> **Task goal**
When you repeat the listing below, keep every word exactly and leave out each picture.

> **The data**

────────────────

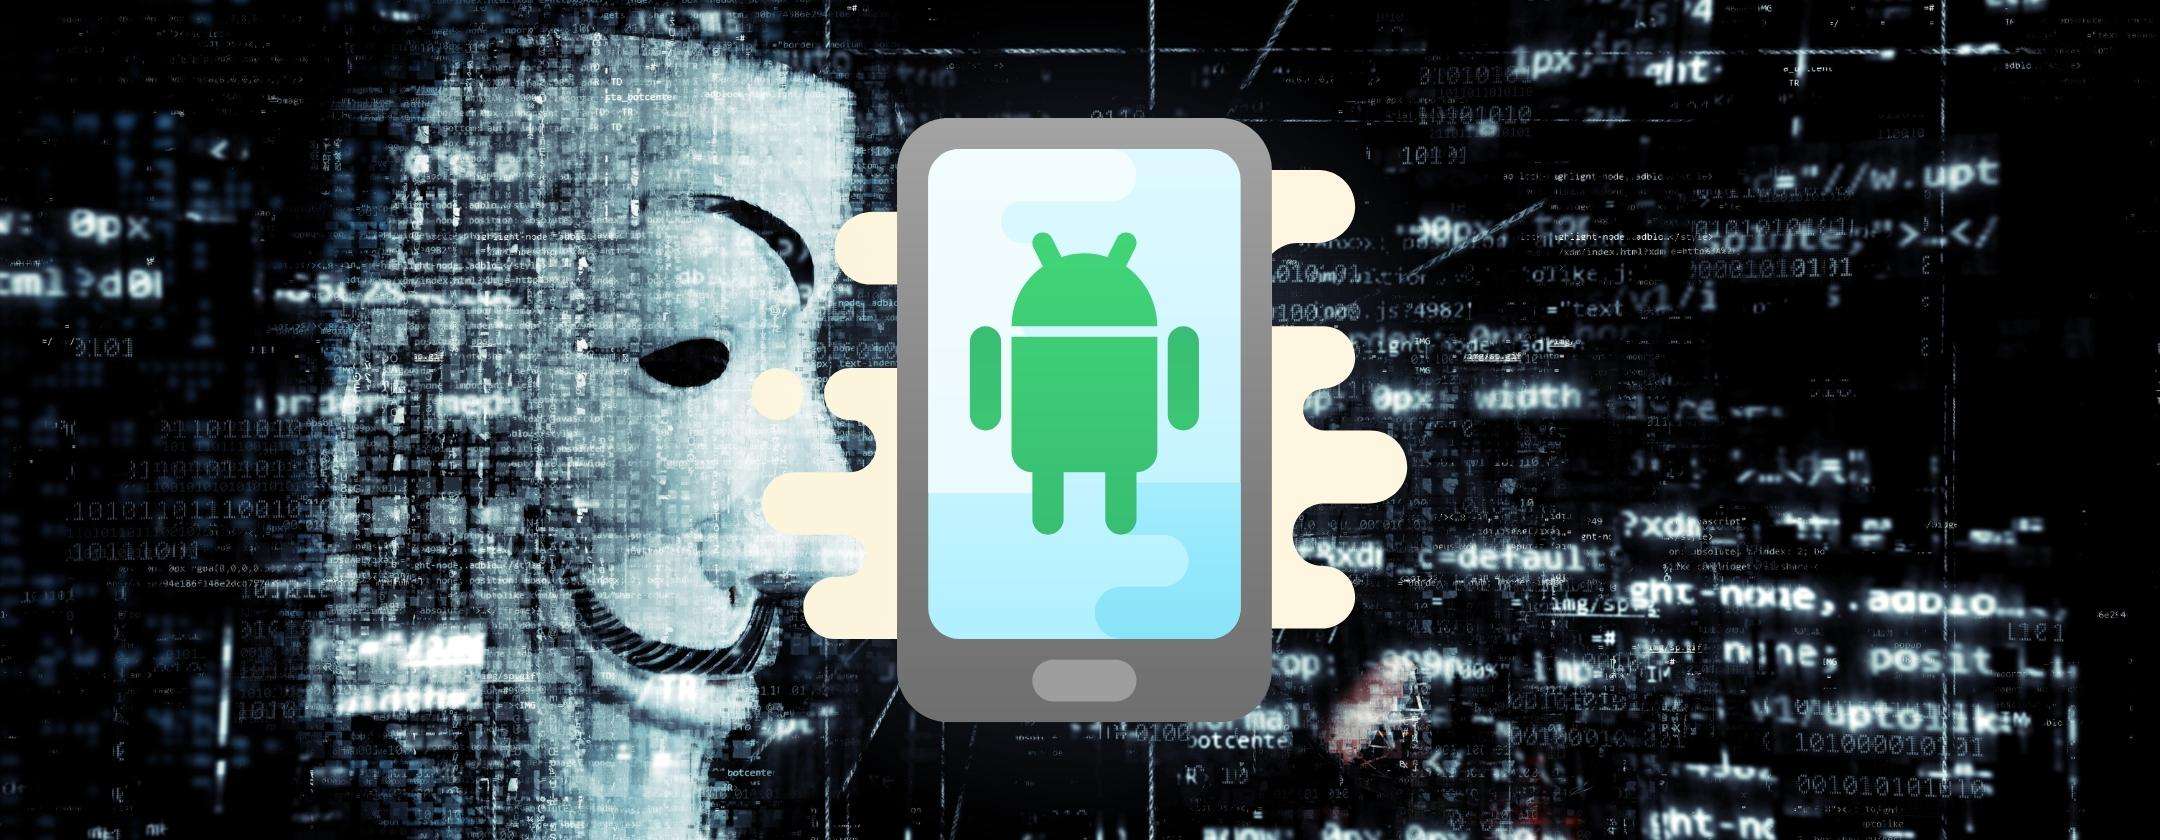 Android sotto attacco: arriva in Italia il trojan bancario Coper
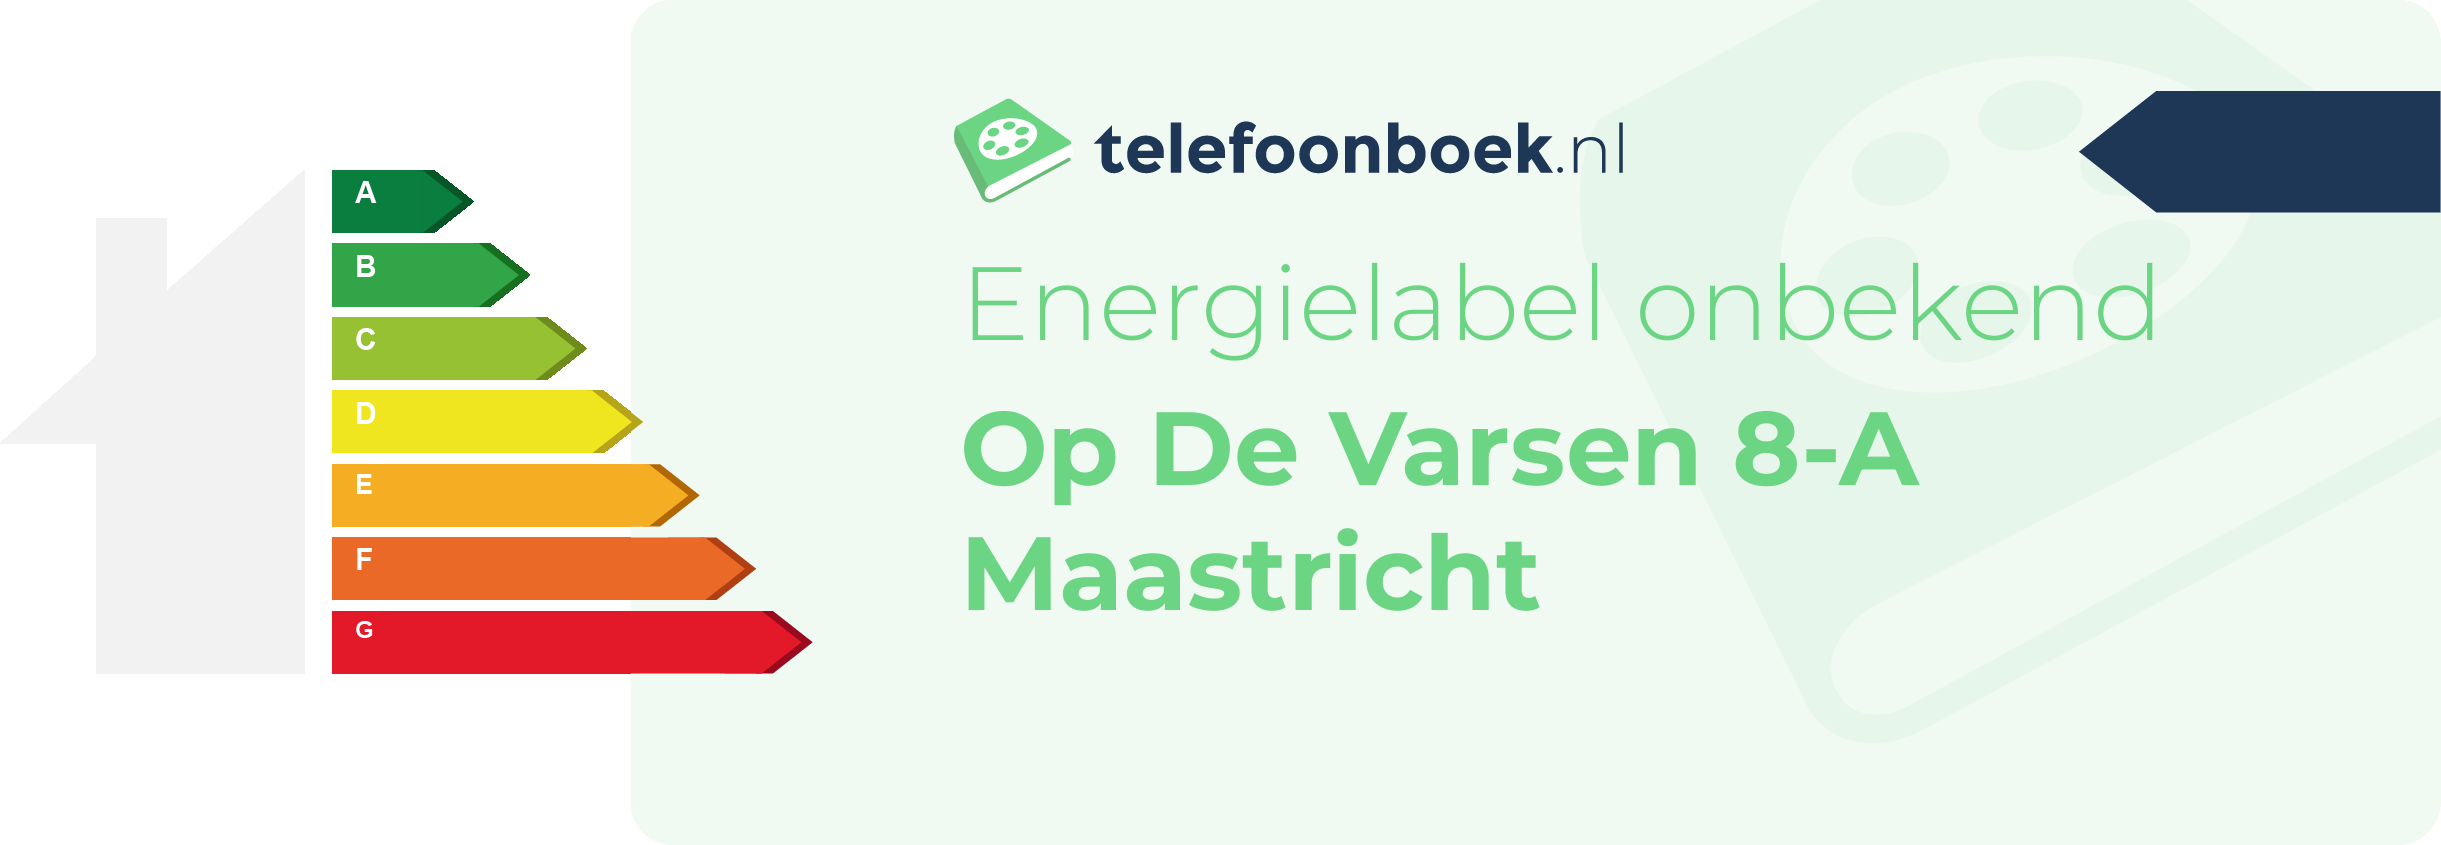 Energielabel Op De Varsen 8-A Maastricht
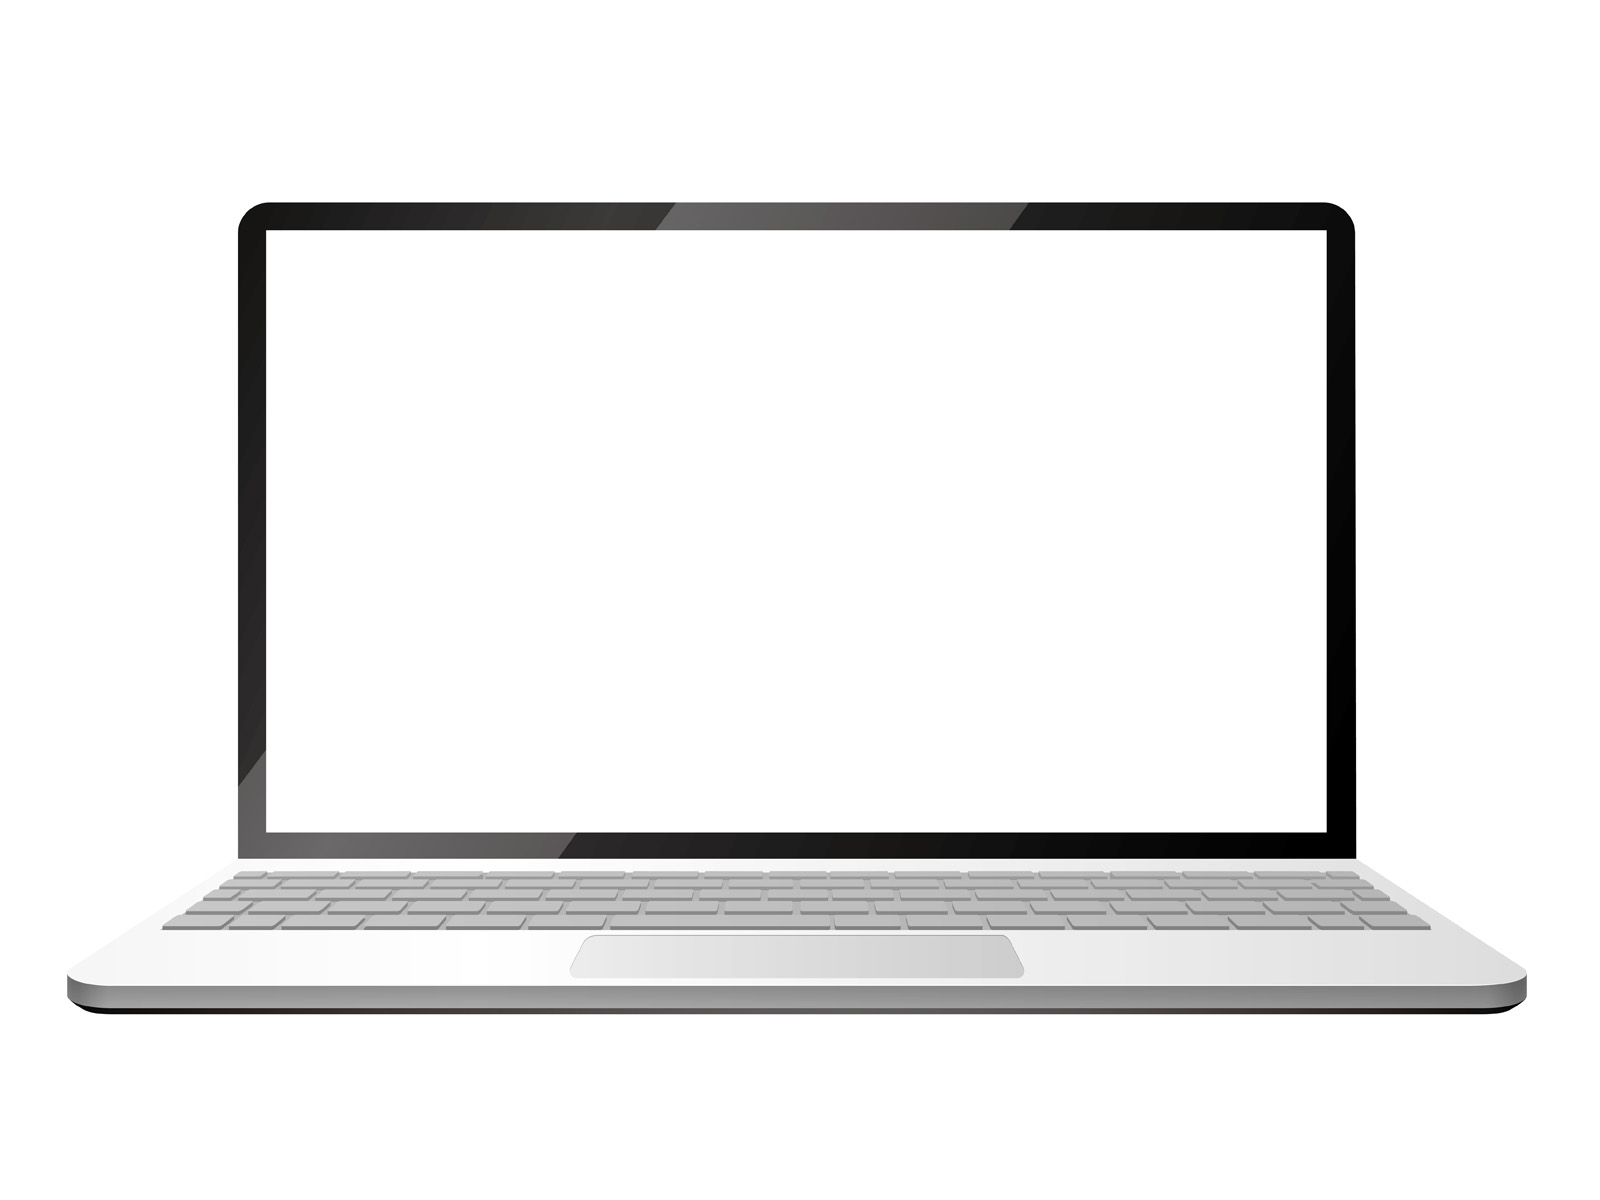 Laptop Vector: Nếu bạn đang cần một hình ảnh laptop trong định dạng vector, thì đừng bỏ lỡ cơ hội tải xuống hình ảnh miễn phí này! Với chất lượng hoàn hảo và độ sắc nét cao, hình ảnh laptop vector này sẽ làm cho các thiết kế của bạn trở nên hoàn hảo hơn rất nhiều.

────────────────

> **Written solution**
 Android sotto attacco: arriva in Italia il trojan bancario Coper
 Energielabel Op De Varsen 8-A Maastricht
 Laptop Vector: Nếu bạn đang cần một hình ảnh laptop trong định dạng vector, thì đừng bỏ lỡ cơ hội tải xuống hình ảnh miễn phí này! Với chất lượng hoàn hảo và độ sắc nét cao, hình ảnh laptop vector này sẽ làm cho các thiết kế của bạn trở nên hoàn hảo hơn rất nhiều.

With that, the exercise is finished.